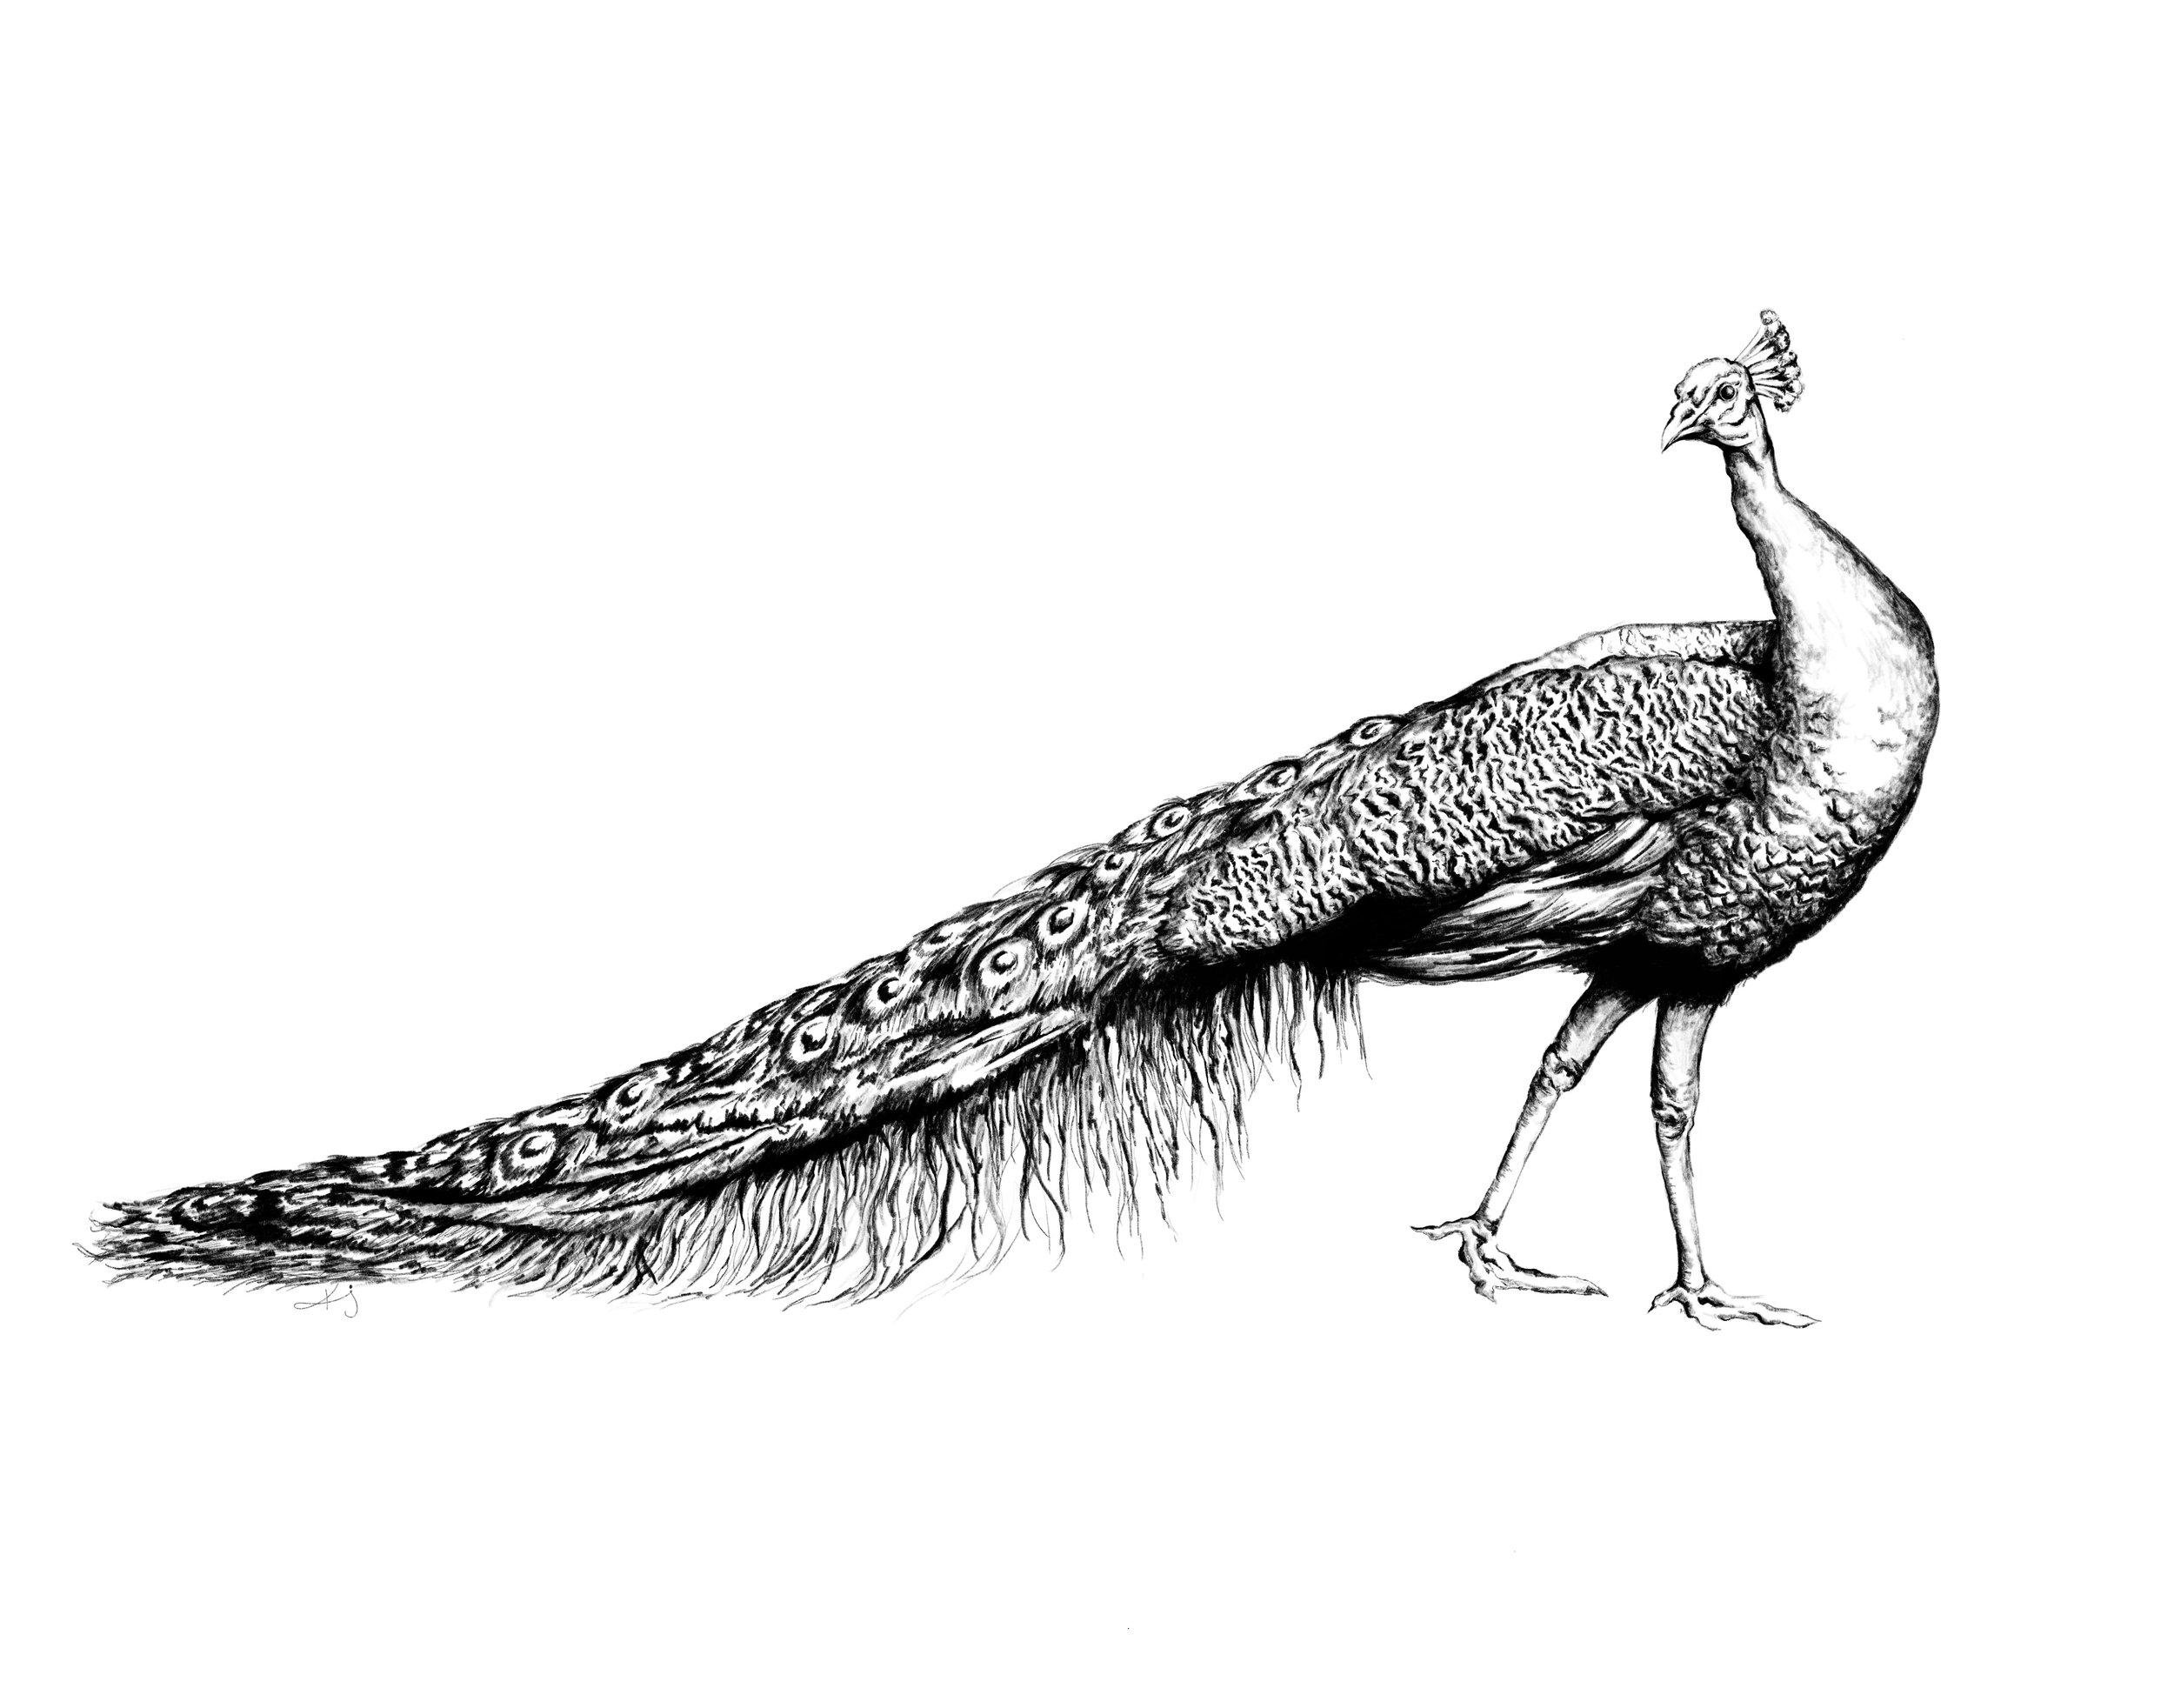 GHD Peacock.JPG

----

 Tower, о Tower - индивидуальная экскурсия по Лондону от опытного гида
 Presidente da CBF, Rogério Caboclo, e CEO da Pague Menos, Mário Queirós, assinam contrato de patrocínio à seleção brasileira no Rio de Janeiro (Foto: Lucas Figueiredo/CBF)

----

■ Activity
Only one part of the material above is to be transcribed, namely the lines starting with the line that has "Tower, о Tower" and going on through the line that has "Presidente da CBF, Rogério", exactly as they stand.

■ Answer box
 Tower, о Tower - индивидуальная экскурсия по Лондону от опытного гида
 Presidente da CBF, Rogério Caboclo, e CEO da Pague Menos, Mário Queirós, assinam contrato de patrocínio à seleção brasileira no Rio de Janeiro (Foto: Lucas Figueiredo/CBF)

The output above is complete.